Die Befragten in den neuen Bundesländern sind seltener Fleisch-Verweigerer. Hier liegt der Anteil nur bei vier Prozent – gegenüber acht Prozent in der Gesamtbevölkerung.
Während sich nach der Nationalen Verzehrstudie von 2007 mit 20.000 Teilnehmern noch rund zwei Prozent der erwachsenen Bevölkerung nach eigenen Angaben fleischlos (entweder vegetarisch oder mit Einbeziehung von Fisch) ernährt haben, sind es 2014 schon acht Prozent der deutschen Bevölkerung, die Fleischkonsum grundsätzlich ablehnen.
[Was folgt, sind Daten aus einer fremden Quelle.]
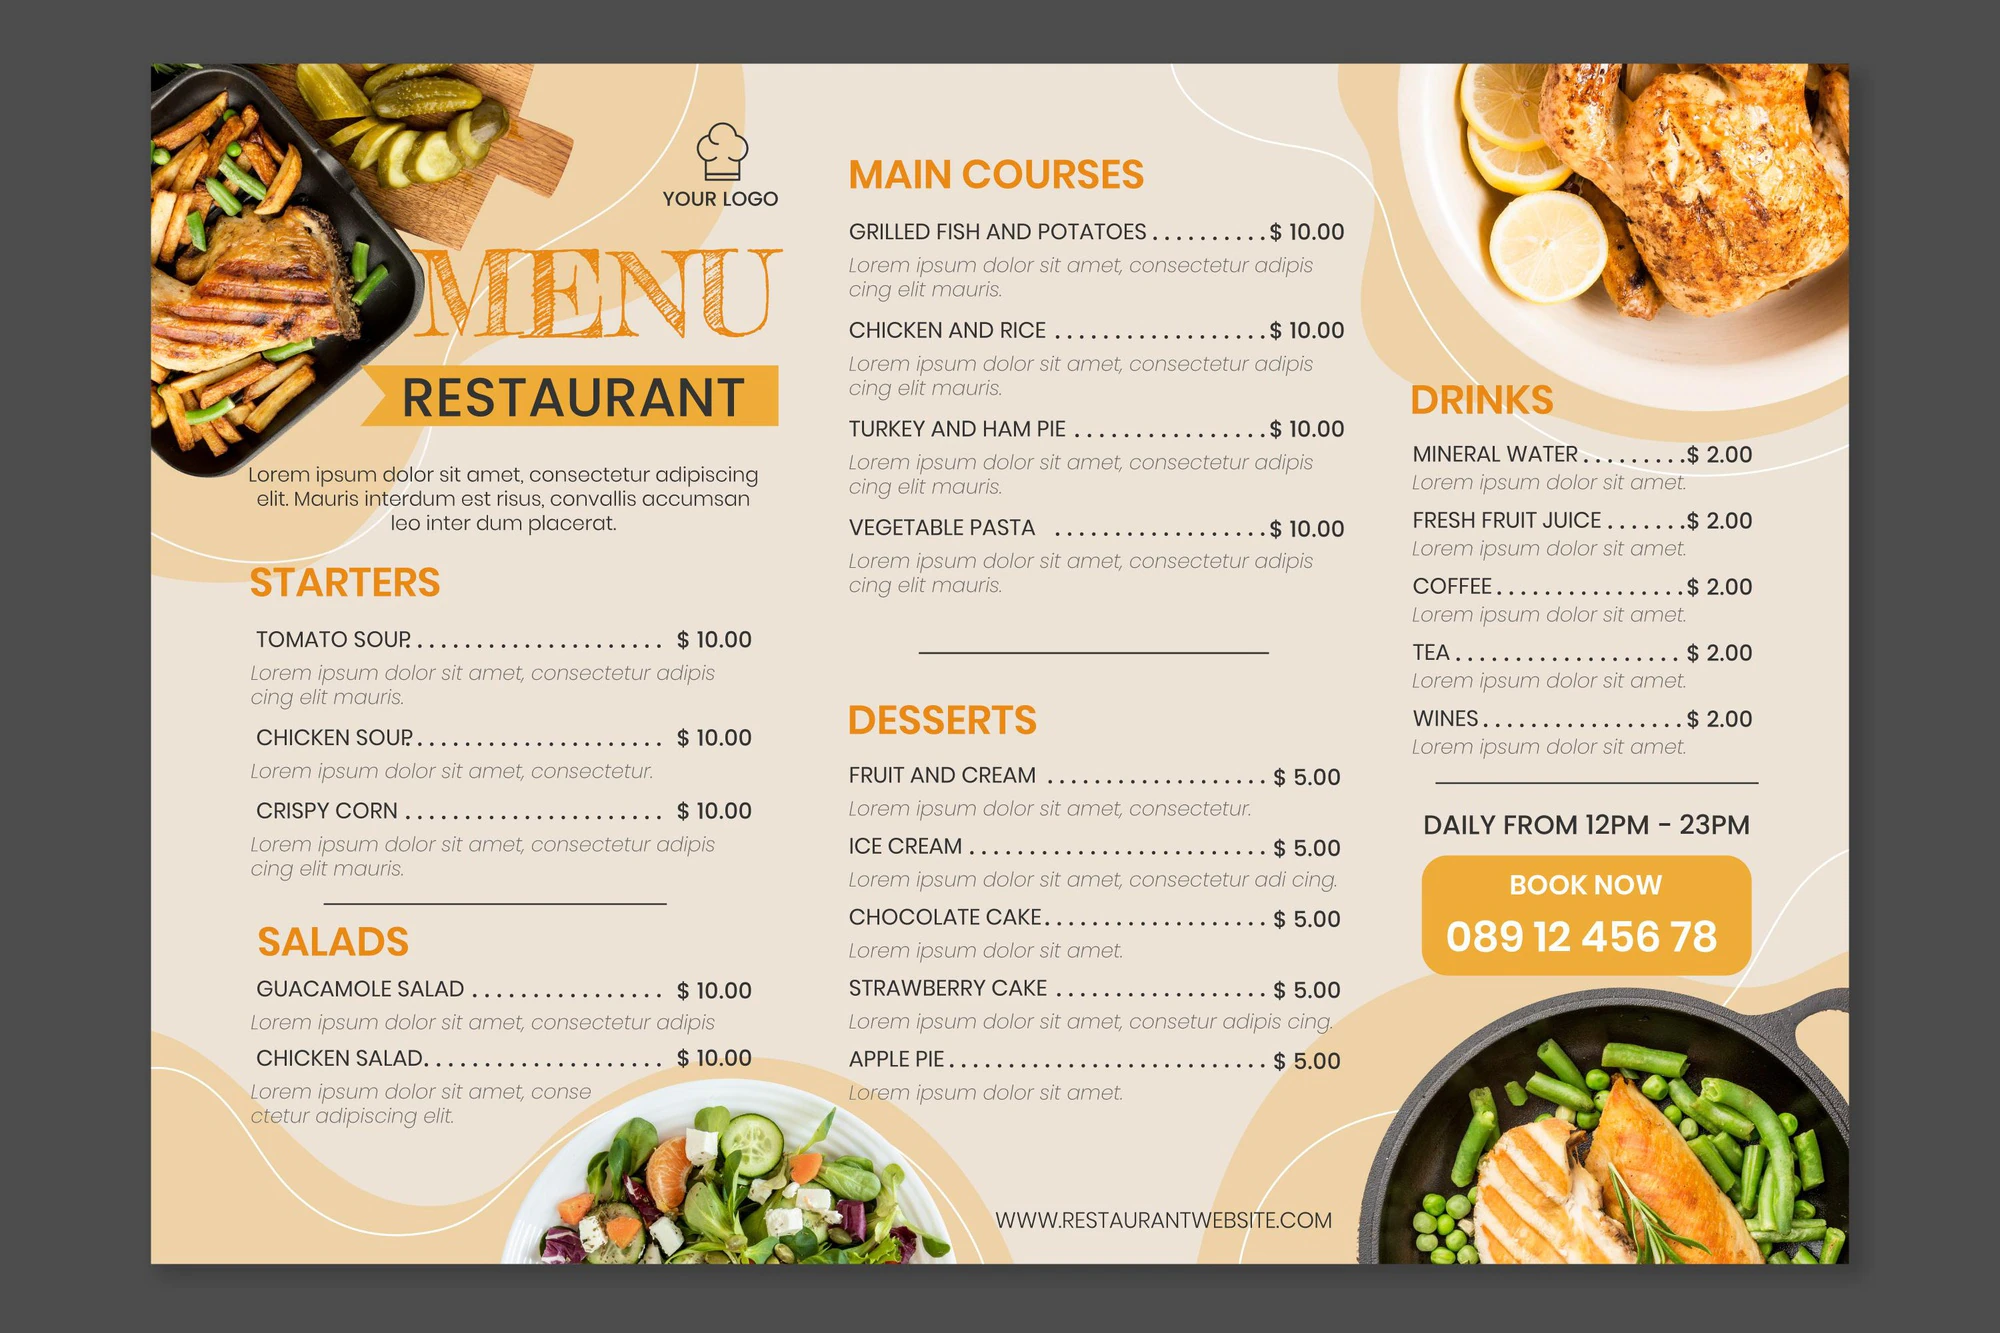 organic flat rustic restaurant menu template with photo 52683 62703

Trotz der schwierigen Vergleichbarkeit solcher Zahlen, ist die Tendenz eindeutig. Die Fleisch-Verweigerer befinden sich demnach inzwischen in guter Gesellschaft von rund 6,5 Millionen Mitbürgern.
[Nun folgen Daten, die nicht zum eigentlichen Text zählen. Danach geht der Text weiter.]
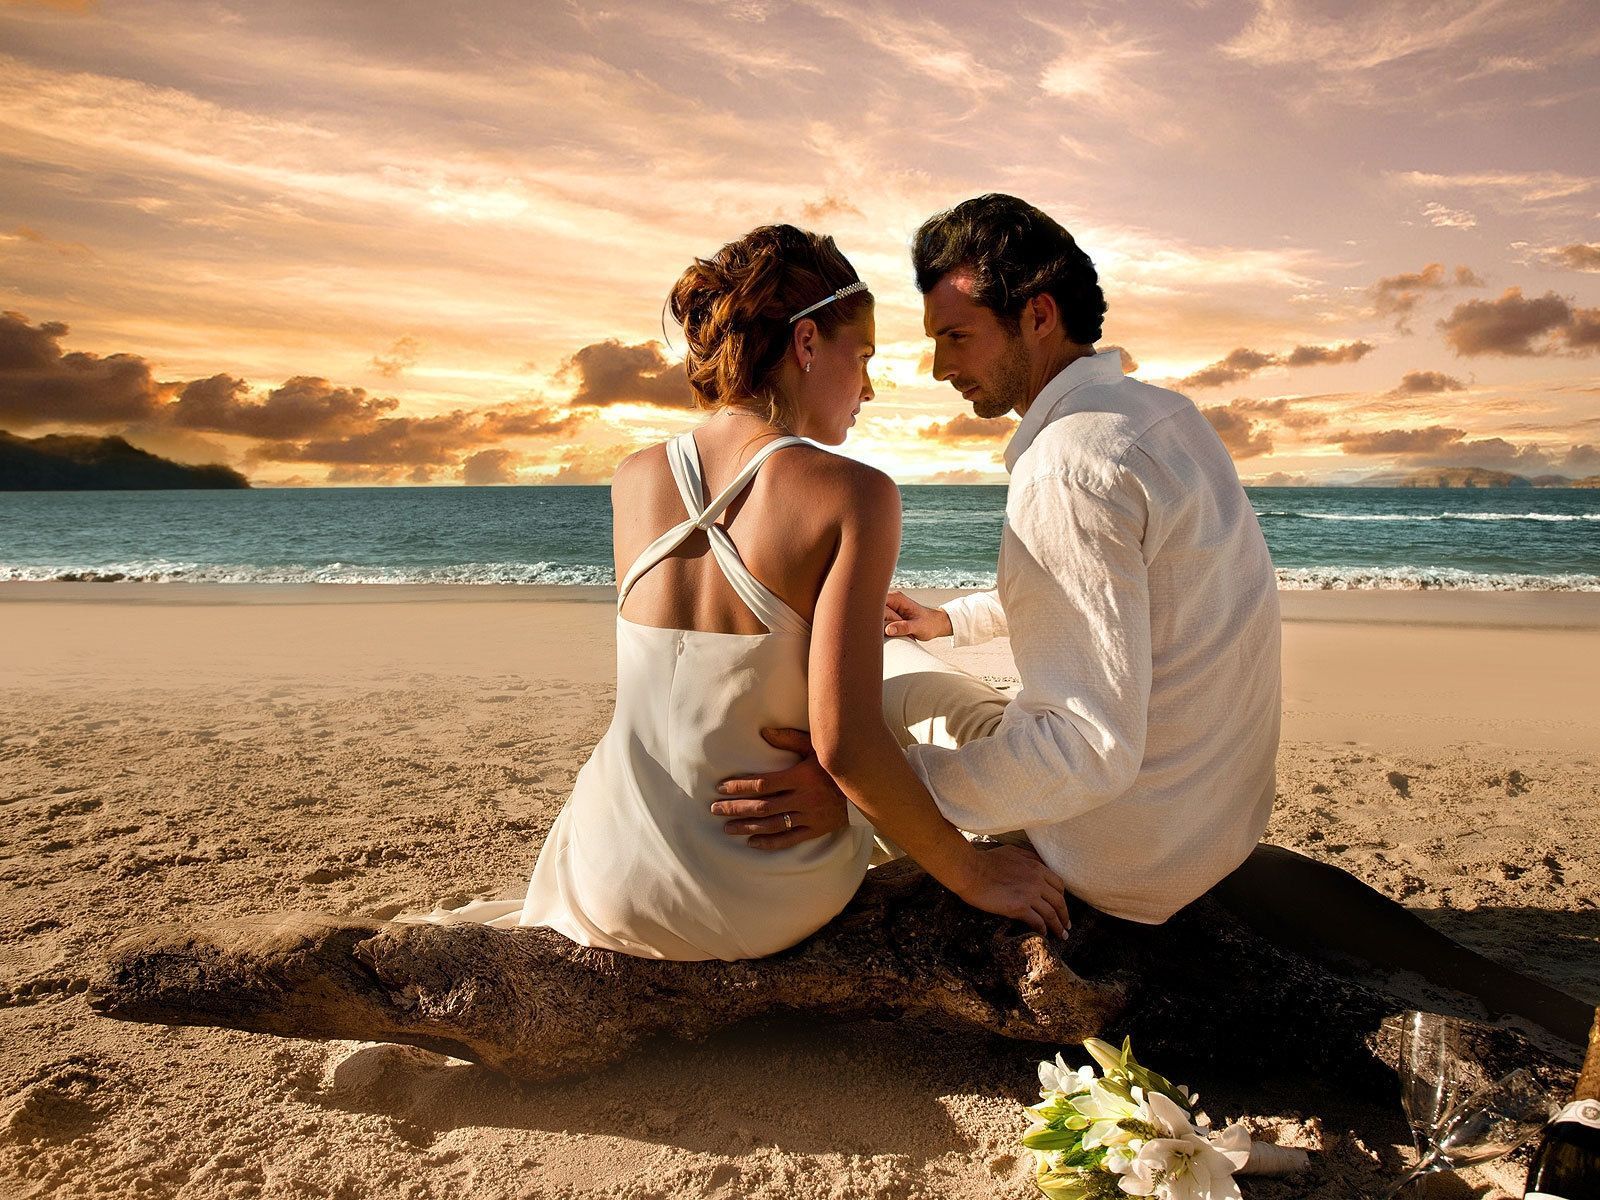 Romantic Love Couple HD Wallpaper. Love couple wallpaper, Romantic beach wedding, Beach wedding photo

Doch halt: Ist der Vegetarier männlich, zwischen 55 und 64 Jahren, im Osten wohnhaft und nicht erwerbstätig, wird er in seinem Umfeld deutlich weniger Mitstreiter finden. Genauso wie in bildungsfernen und ökonomisch sehr schlecht gestellten Schichten, sind Vegetarier in diesen Teilen der Gesellschaft eher unterrepräsentiert.
Internet? Lehne ich ab
Für die heranwachsende Generation wird es noch unvorstellbarer sein als für uns – ein Leben ohne Internet. Und doch gibt es sie und ihre Anzahl ist nicht unbedingt gering: Personen, für die das Internet tatsächlich noch Neuland ist. Oder grundlegender noch: Personen, die das Internet aus Prinzip ablehnen. Das tut nämlich gut jeder zehnte Bundesbürger. Man ahnt, wo sie zu finden sind: in der Rentner-Generation über 65 Jahre mit geringem Bildungsabschluss und geringem Einkommen. Zweiter vorhersehbarer Fakt: Wer Kinder hat, beziehungsweise mit Kindern im Haushalt lebt, wird die Internetnutzung eher nicht ablehnen.
Wenn es dann um spezielle Handlungen im Internet geht, wächst die Zahl der Ablehner rasant. E-Mails schreiben lehnt jeder fünfte Befragte ab, Onlinebanking schon knapp 40 Prozent und mit Facebook will die Hälfte der Befragten nichts zu tun haben. Wenn man sich diese Gruppen näher anschaut, zeigt sich bei den E-Mail-Verweigerern ein ähnliches Bild wie bei den Personen, die das Internet insgesamt ablehnen – allerdings mit noch klareren Tendenzen innerhalb der unterschiedlichen Alters- und Bildungsgruppen.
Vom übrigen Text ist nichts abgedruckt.